Efficient data representation with autoencoders

A big problem that plagues all supervised learning systems is the so-called curse of dimensionality: a progressive decline in performance while increasing the input space dimension. This occurs because the number of necessary samples to obtain a sufficient sampling of the input space increases exponentially with the number of dimensions. To overcome these problems, some optimizing networks have been developed.

The first are autoencoders networks: these are designed and trained for transforming an input pattern in itself, so that, in the presence of a degraded or incomplete version of an input pattern, it is possible to obtain the original pattern. The network is trained to create output data such as that presented in the entrance, and the hidden layer stores the data compressed, that is, a compact representation that captures the fundamental characteristics of the input data.

The second optimizing networks are Boltzmann machines: these types of networks consist of an input/output visible layer and one hidden layer. The connections between the visible layer and the hidden one are non-directional: data can travel in both directions, visible-hidden and hidden-visible, and the different neuronal units can be fully connected or partially connected.

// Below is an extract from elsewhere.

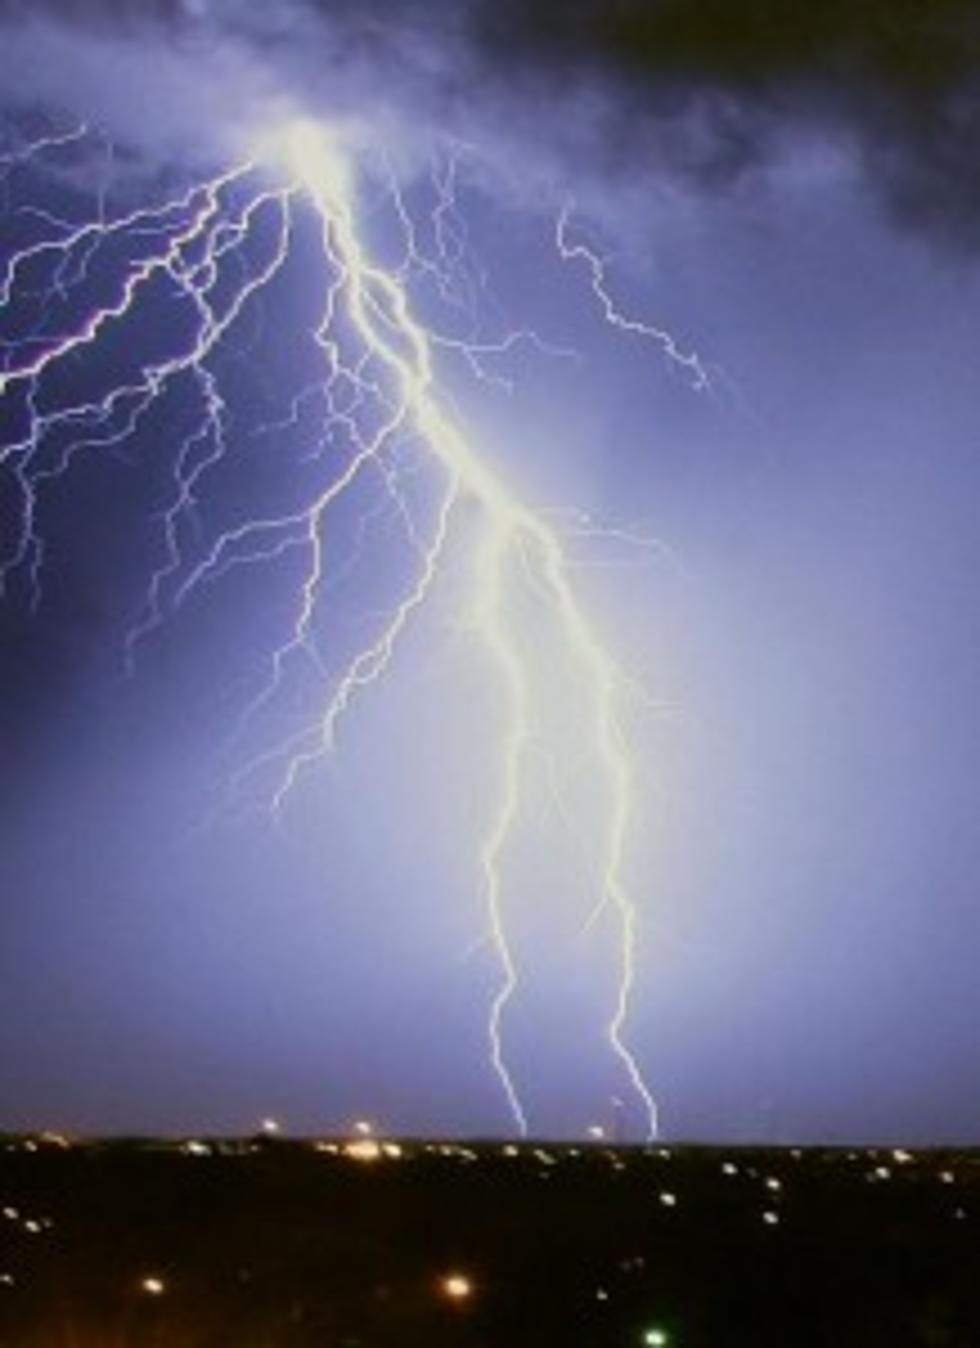 Facts About Lightning That May &#8220;Shock&#8221; You

Let's see an example. Decide which of the following series you think would be easier to memorize:

  • 45, 13, 37, 11, 23, 90, 79, 24, 87, 47
  • 50, 25, 76, 38, 19, 58, 29, 88, 44, 22, 11, 34, 17, 52, 26, 13, 40, 20

Seeing the preceding two series, it seems the first series would be easier for a human, because it is shorter, containing only a few numbers compared to the second one. However, if you take a careful look at the second series, you would find that even numbers are exactly two times the following numbers. Whereas the odd numbers are followed by a number times three plus one. This is a famous number sequence called the hailstone sequence.

However, if you can easily memorize long series, you can also recognize patterns in the data easily and quickly. During the 1970s, researchers observed that expert chess players were able to memorize the positions of all the pieces in a game by looking at the board for just five seconds. This might sound controversial, but chess experts don't have a more powerful memory than you and I do. The thing is that they can realize the chess patterns more easily than a non-chess player does. An autoencoder works such that it first observes the inputs, converts them to a better and internal representation, and can swallow similar to what it has already learned:

Figure 5: Autoencoder in chess game perspective

Take a look at a more realistic figure concerning the chess example we just discussed: the hidden layer has two neurons (that is, the encoder itself), whereas the output layer has three neurons (in other words, the decoder). Because the internal representation has a lower dimensionality than the input data (it is 2D instead of 3D), the autoencoder is said to be under complete. An under complete autoencoder cannot trivially copy its inputs to the coding, yet it must find a way to output a copy of its inputs.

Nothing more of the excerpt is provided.